With the pictures left out, restate exactly the part below that opens with the line containing "Express shipping Bhojpur to Katihar" and closes with the line containing "Hawk Vogelkopf Nahaufnahme".

§ EXCERPTED RECORDS:
==========
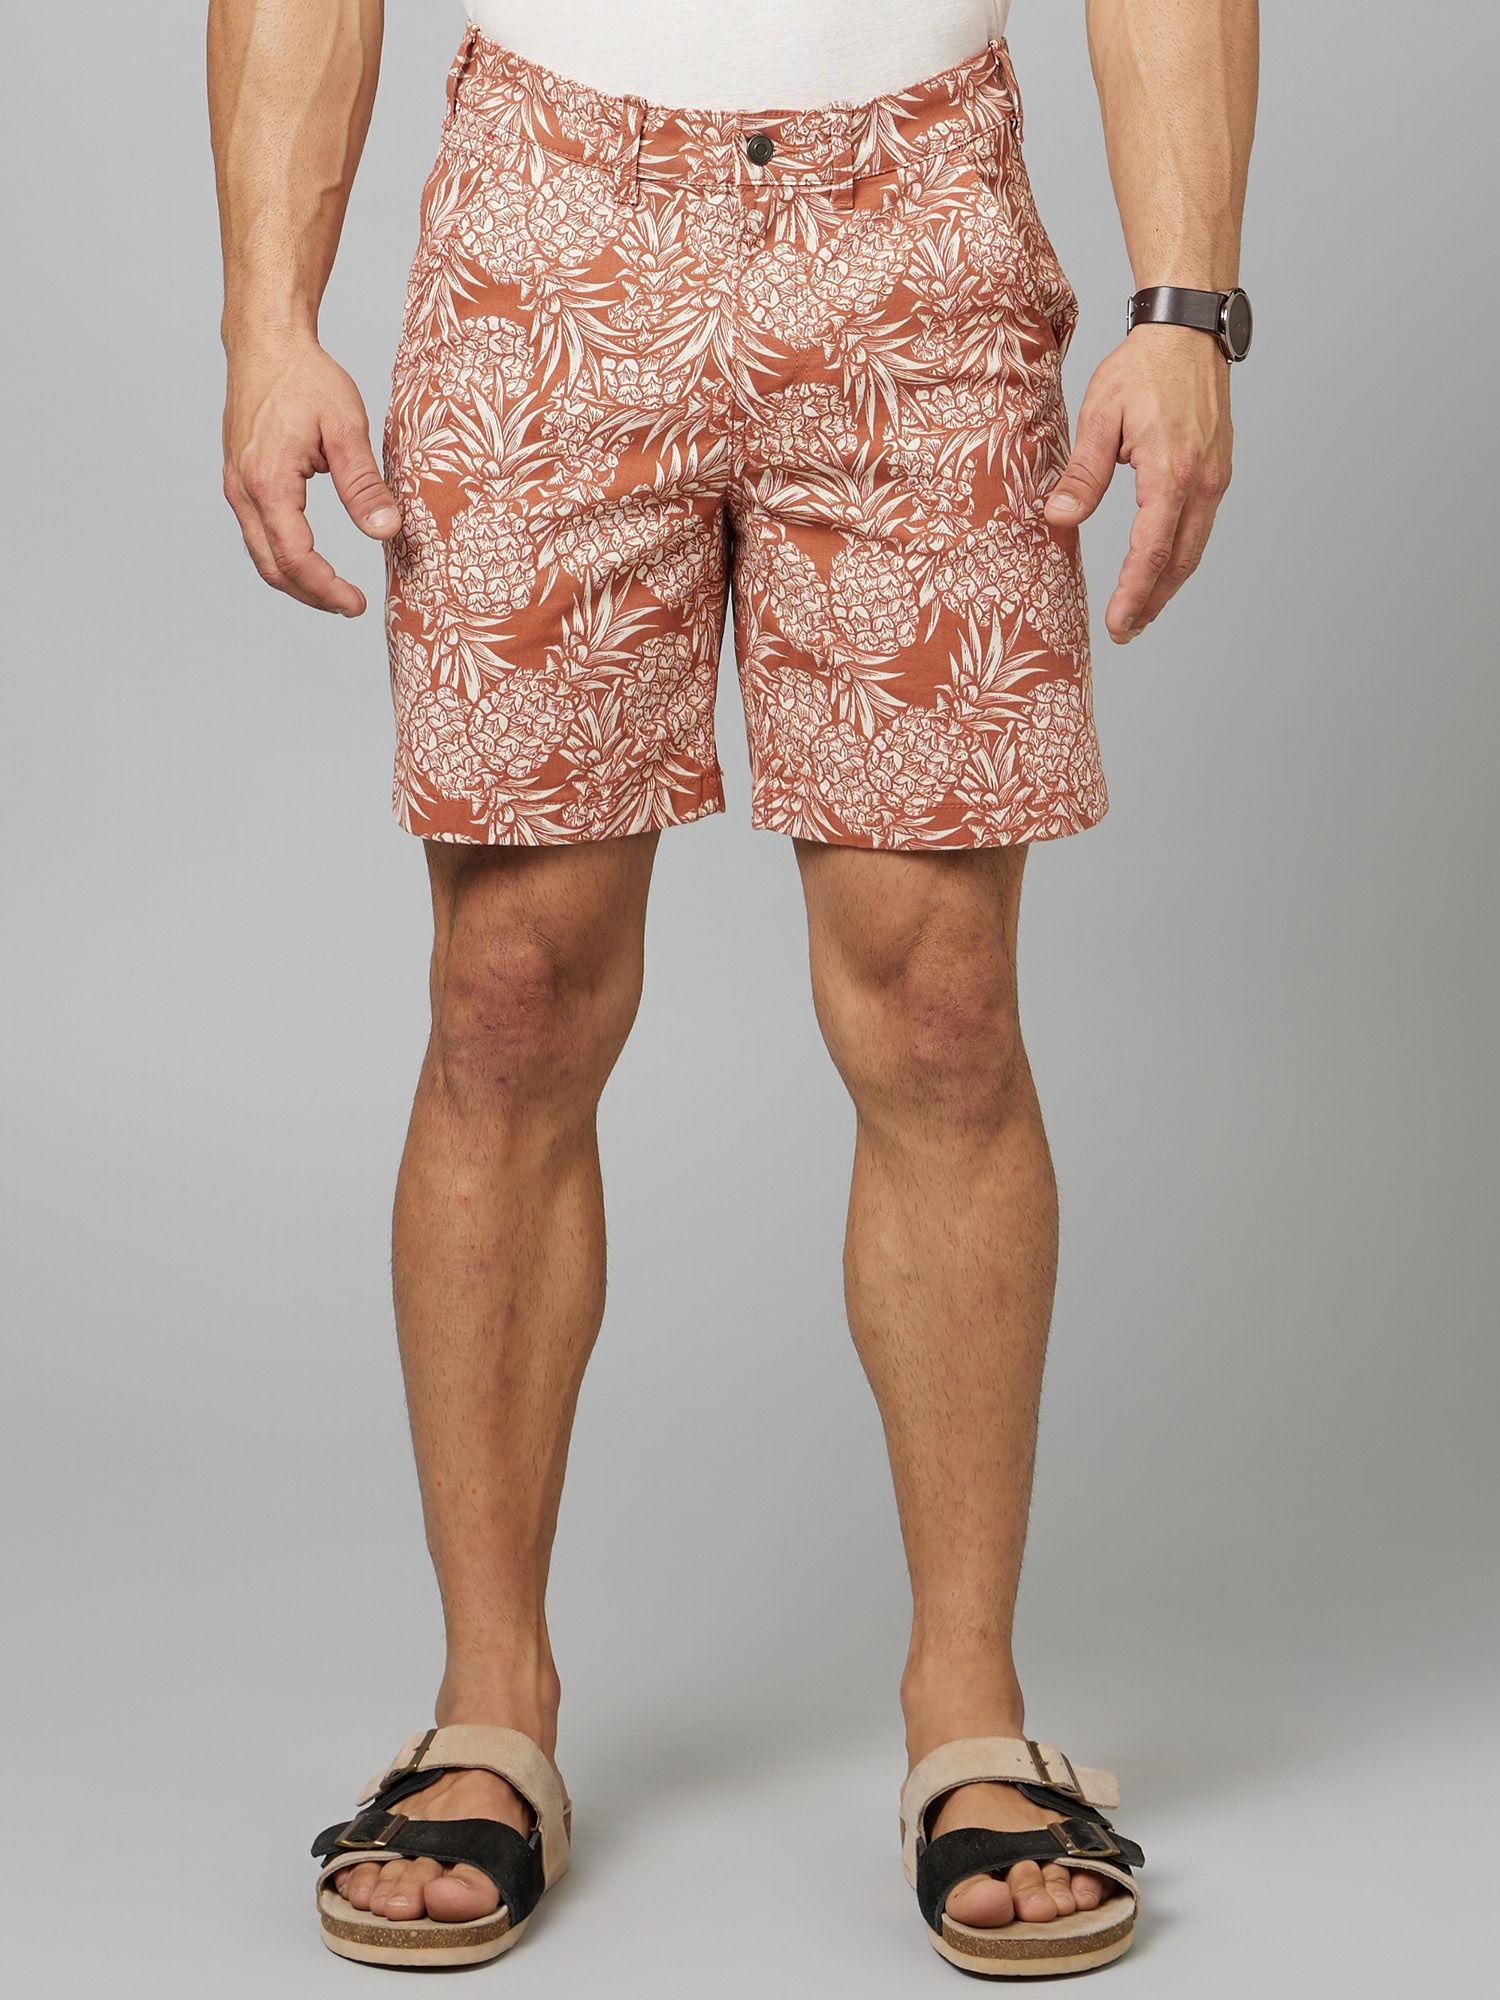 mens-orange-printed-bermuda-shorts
==========
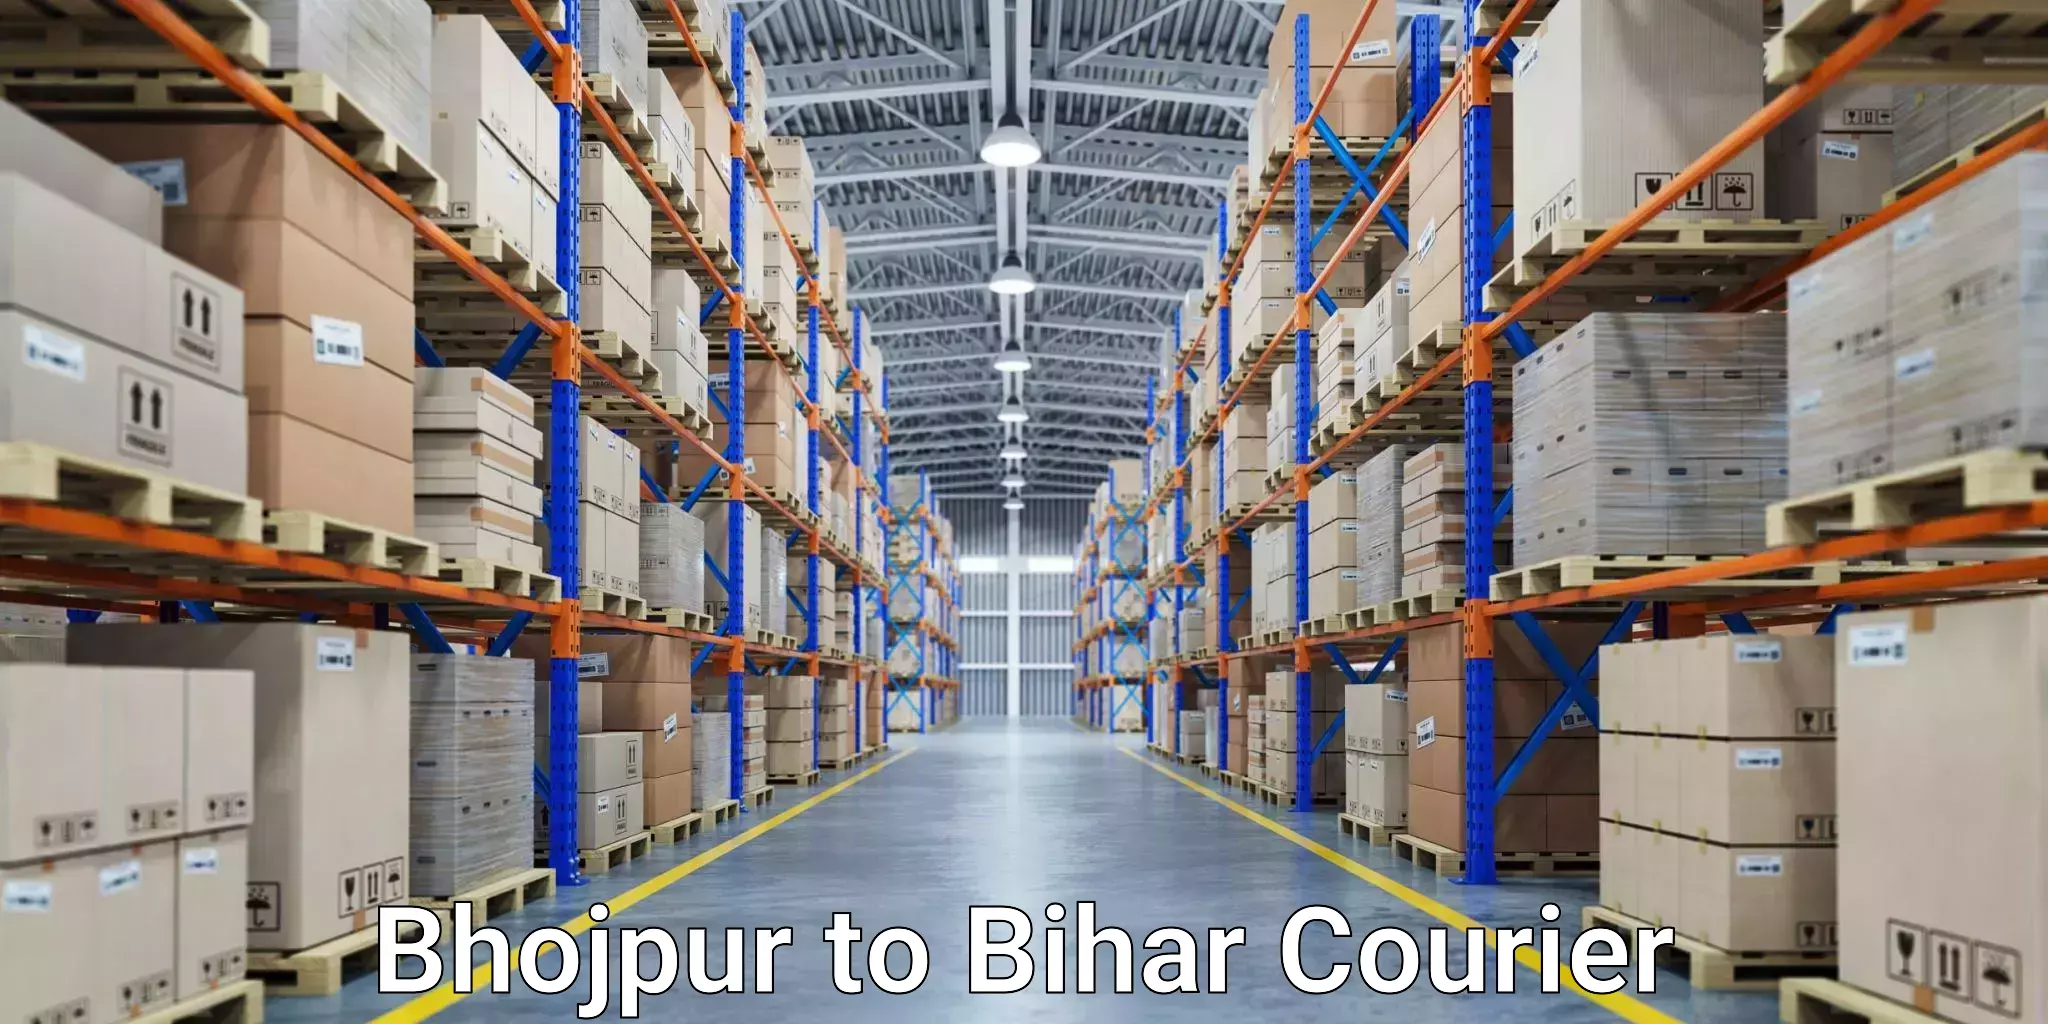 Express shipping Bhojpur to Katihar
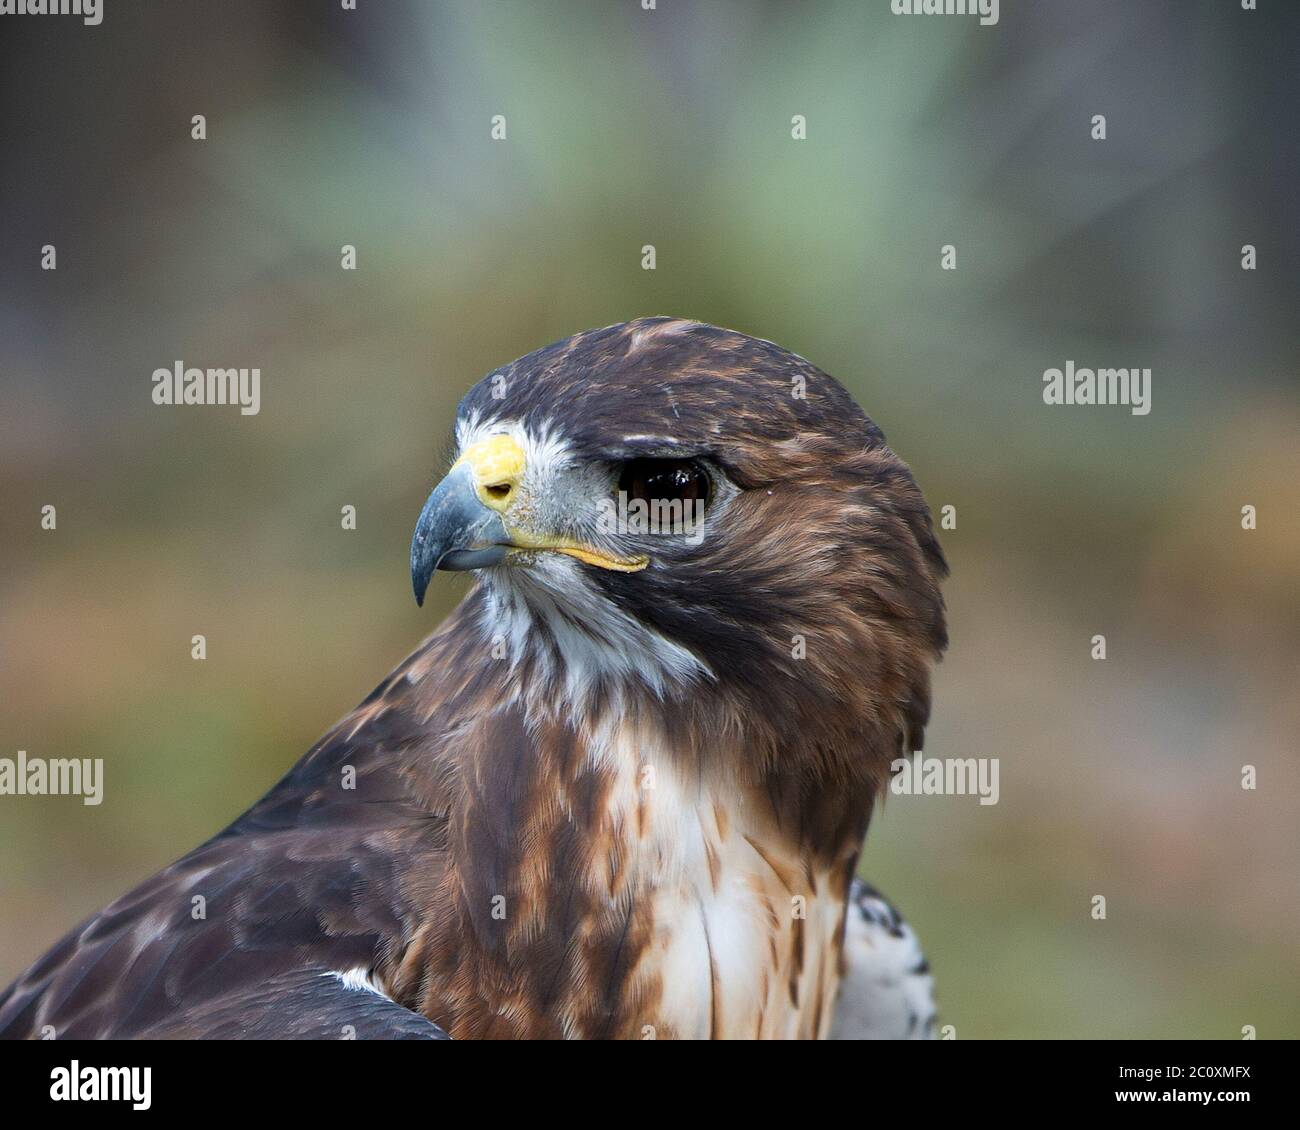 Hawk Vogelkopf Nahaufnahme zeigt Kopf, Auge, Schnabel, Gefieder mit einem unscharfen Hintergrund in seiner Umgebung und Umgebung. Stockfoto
==========
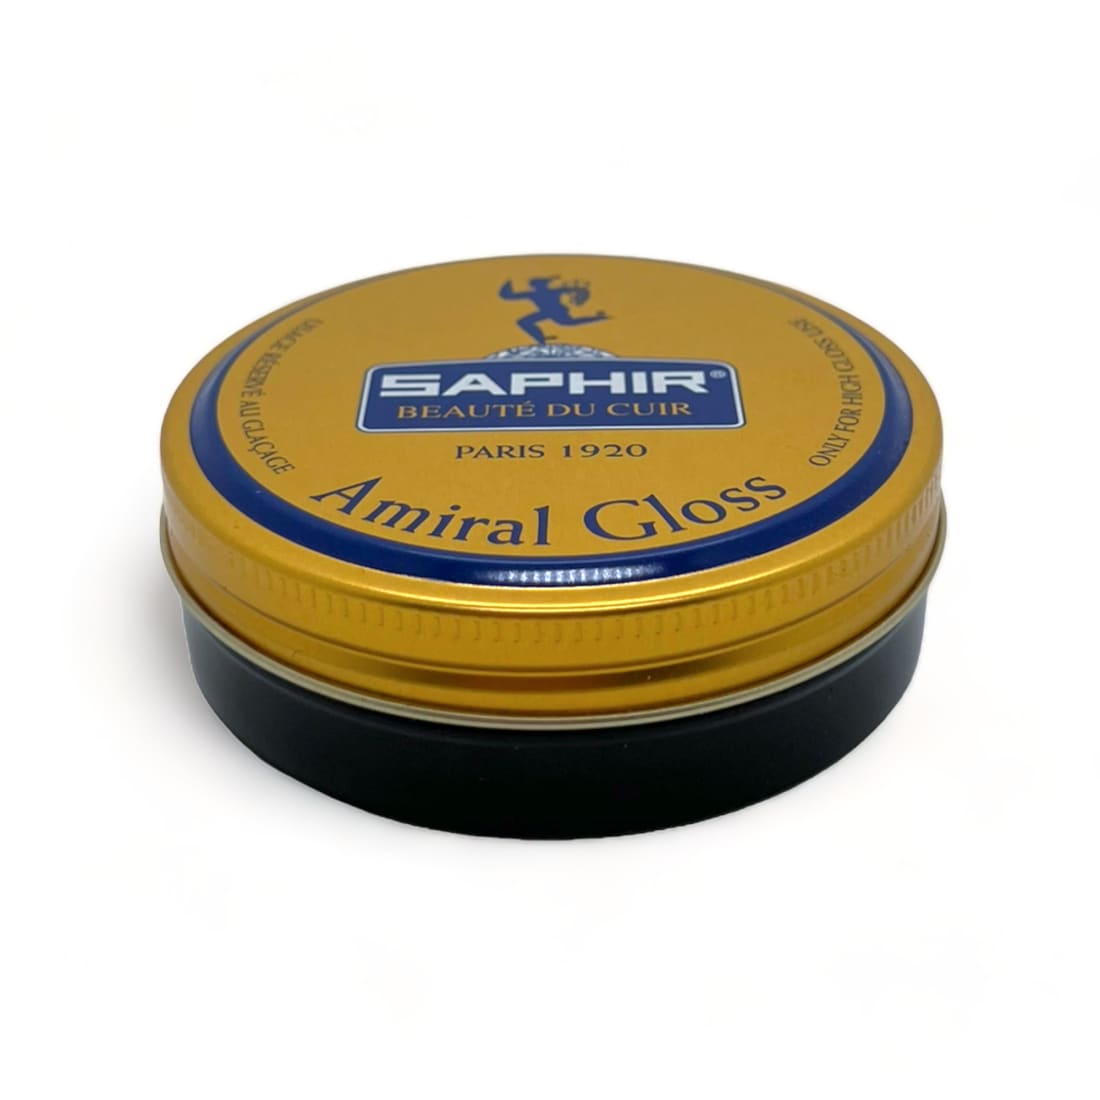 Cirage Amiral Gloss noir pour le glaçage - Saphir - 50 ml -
==========
§ ANSWER TO THE PROBLEM:
 Express shipping Bhojpur to Katihar
 Hawk Vogelkopf Nahaufnahme zeigt Kopf, Auge, Schnabel, Gefieder mit einem unscharfen Hintergrund in seiner Umgebung und Umgebung. Stockfoto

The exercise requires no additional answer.